• _Given entries_:
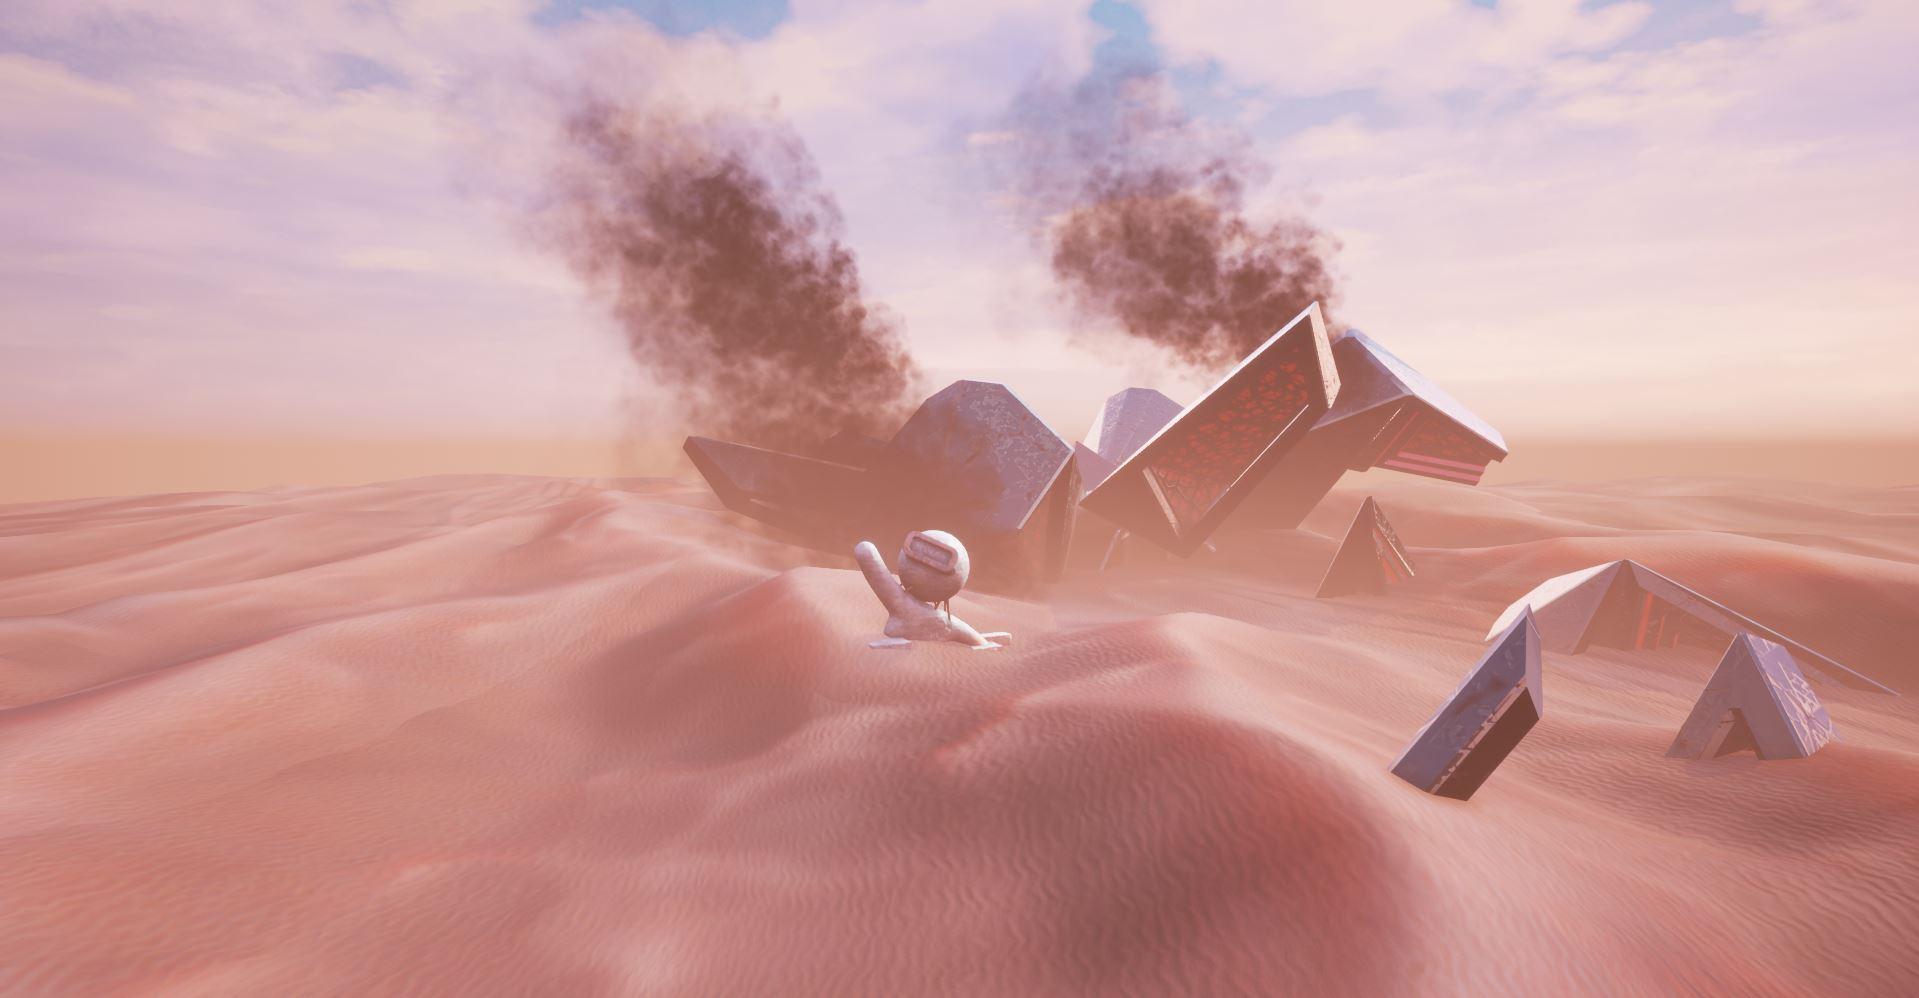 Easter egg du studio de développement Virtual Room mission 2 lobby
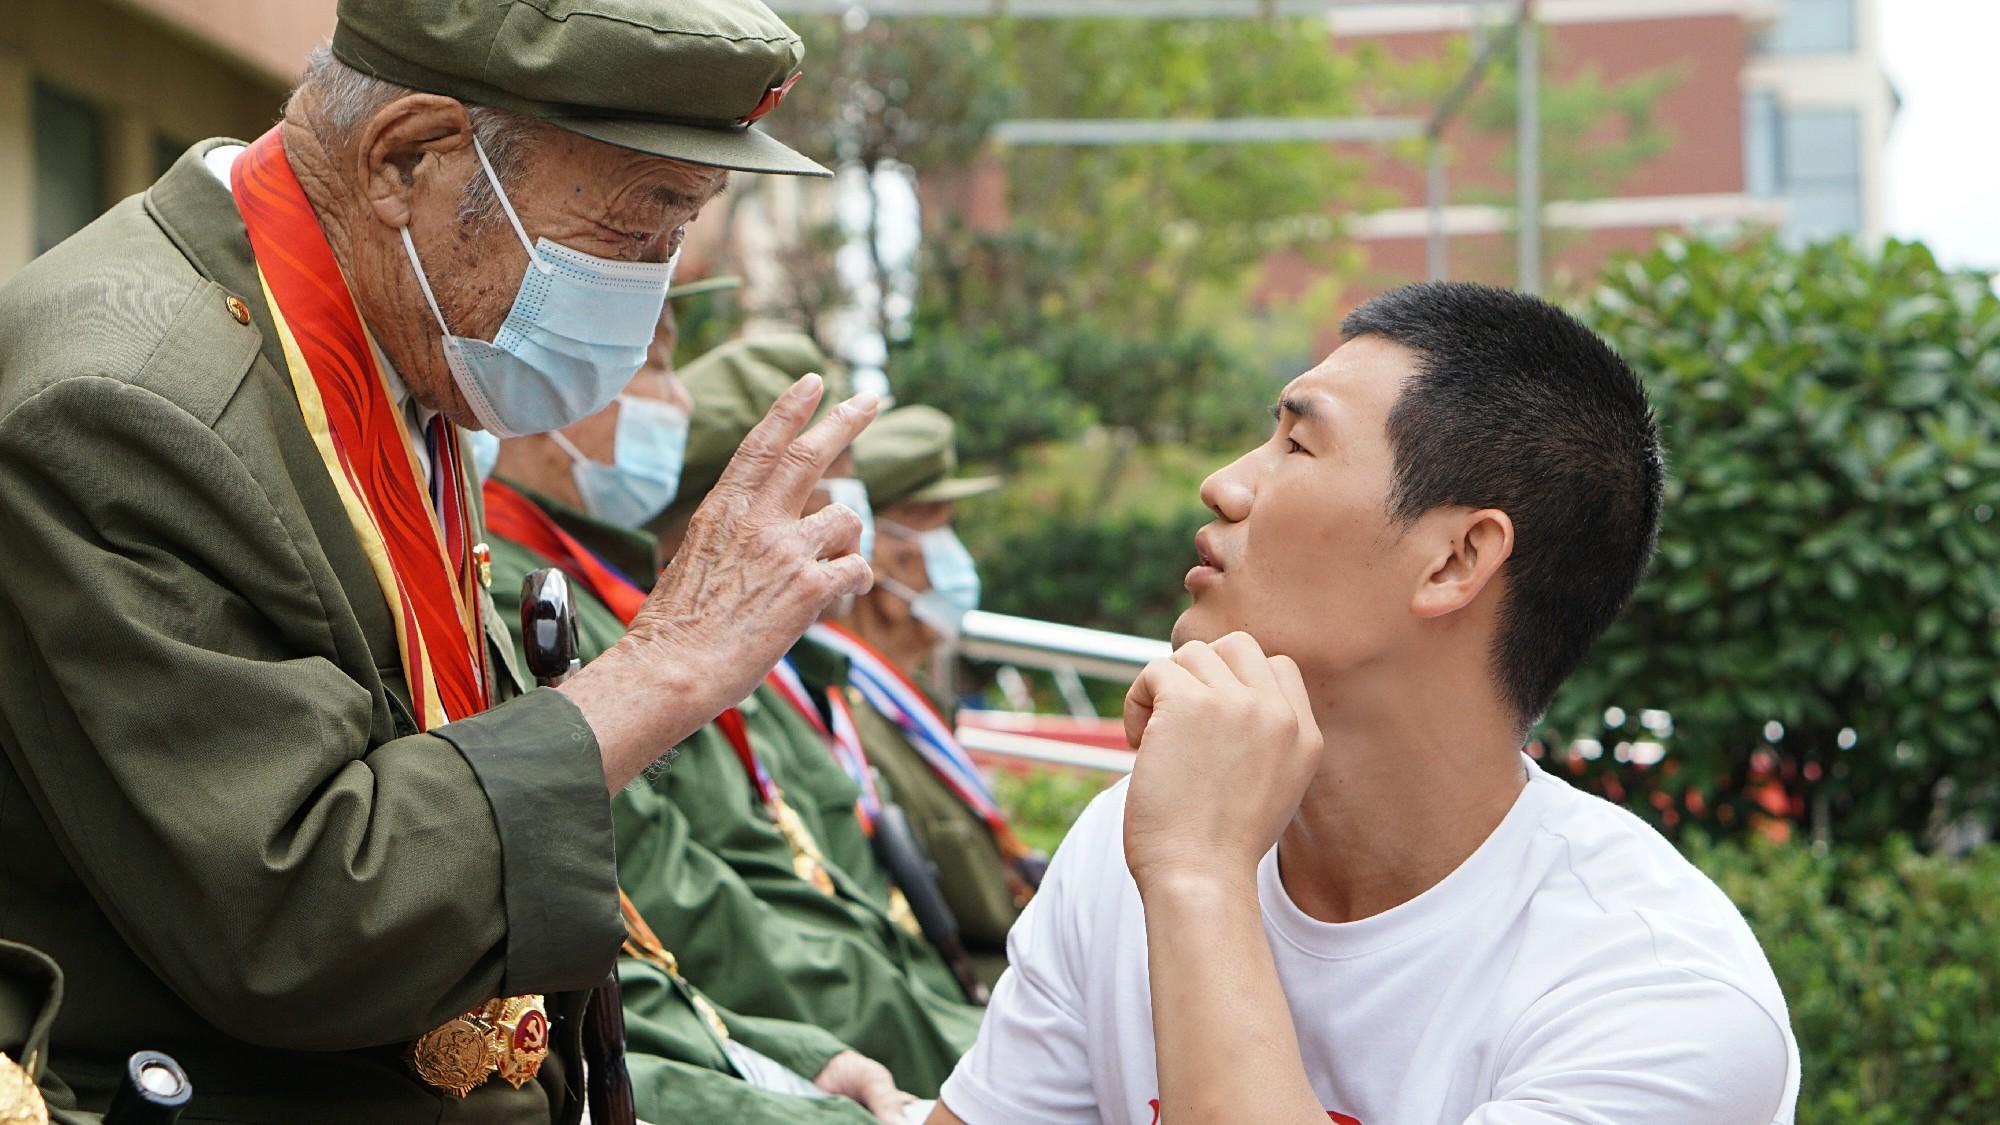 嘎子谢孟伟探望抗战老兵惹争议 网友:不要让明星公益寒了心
...
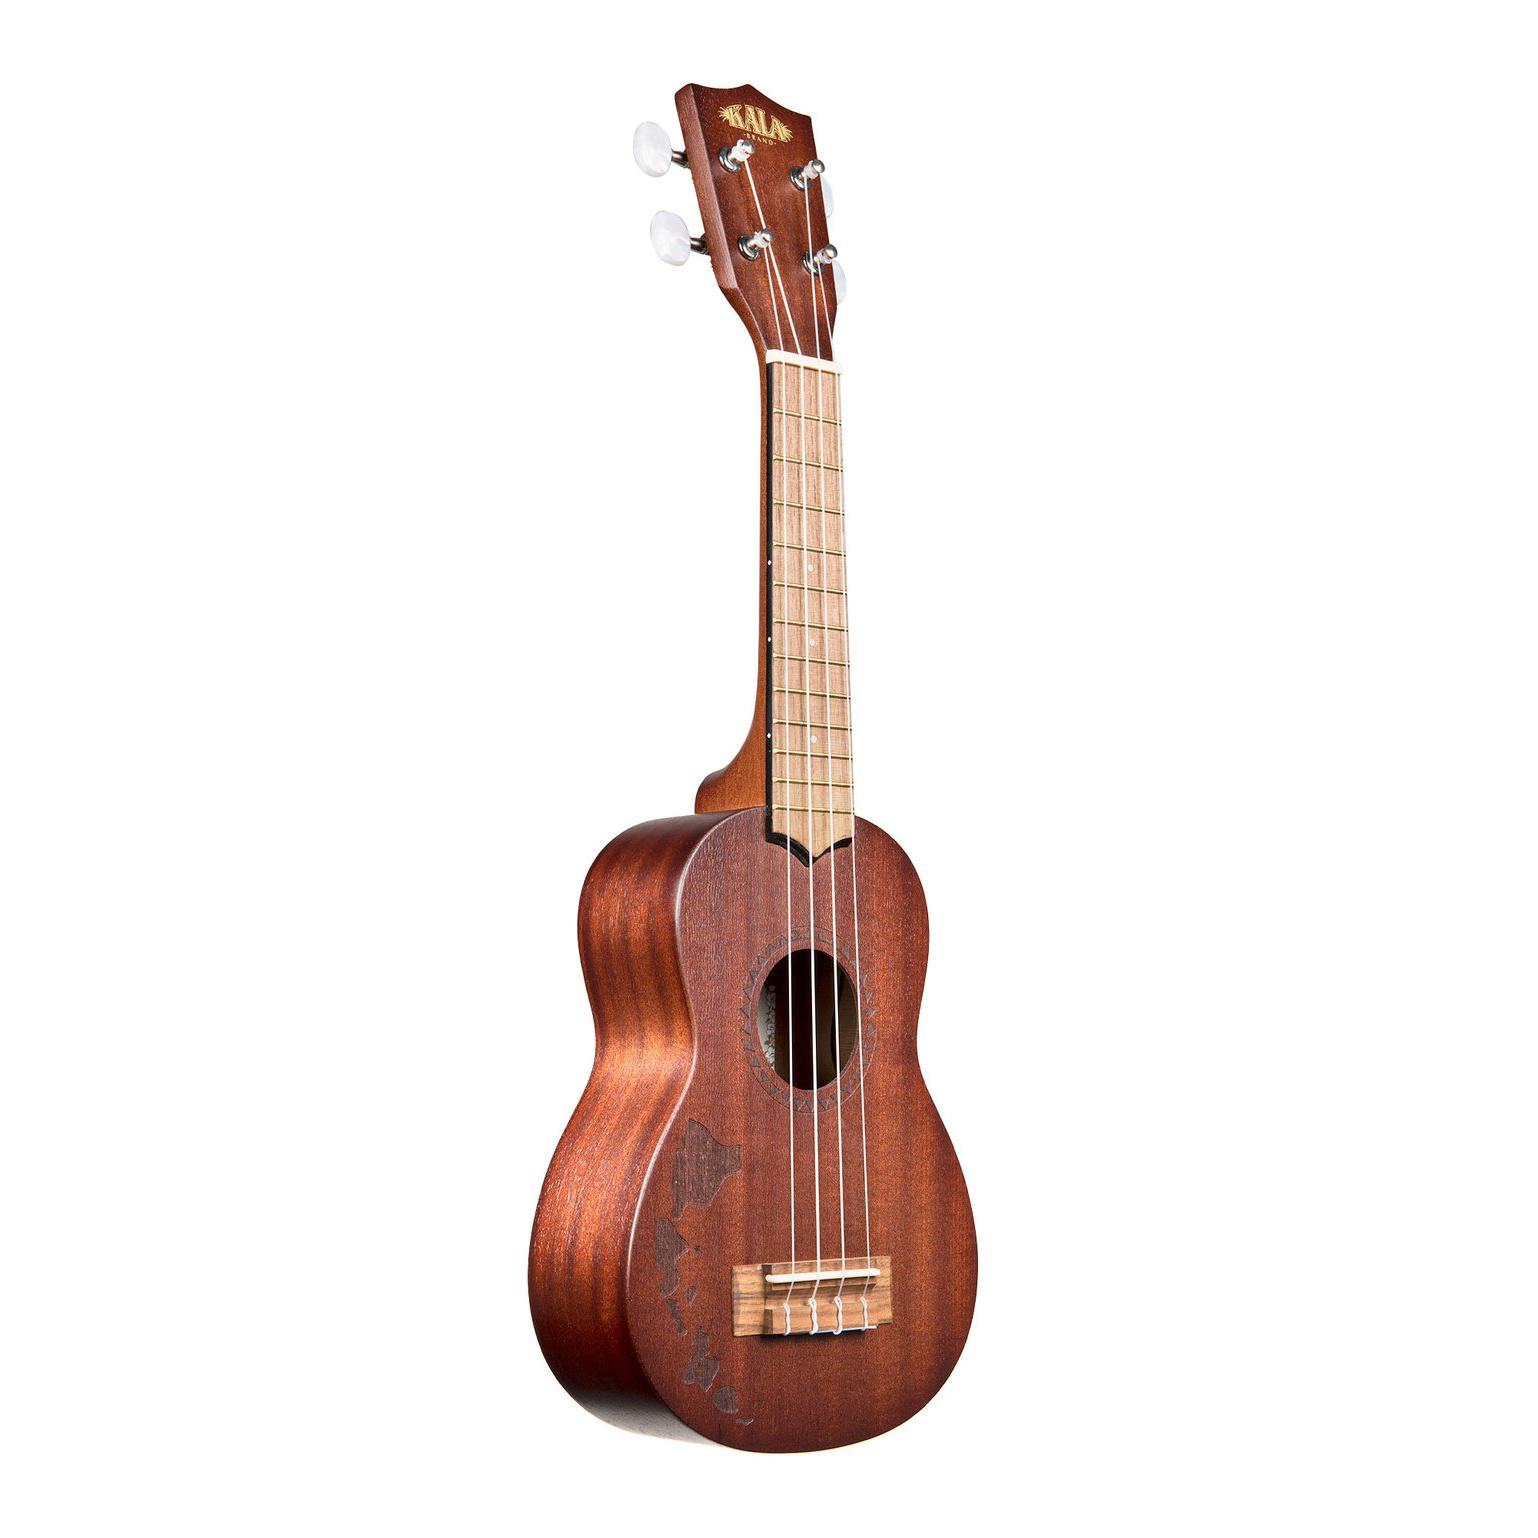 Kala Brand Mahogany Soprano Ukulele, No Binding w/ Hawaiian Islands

• _Your task_: Keep to the stretch from the line containing "Easter egg du" through the line containing "嘎子谢孟伟探望抗战老兵惹争议 网友:不要让明星公益寒了心", both ends included, and copy it exactly from the listing above, minus the pictures.

• _Response area_:
 Easter egg du studio de développement Virtual Room mission 2 lobby
 嘎子谢孟伟探望抗战老兵惹争议 网友:不要让明星公益寒了心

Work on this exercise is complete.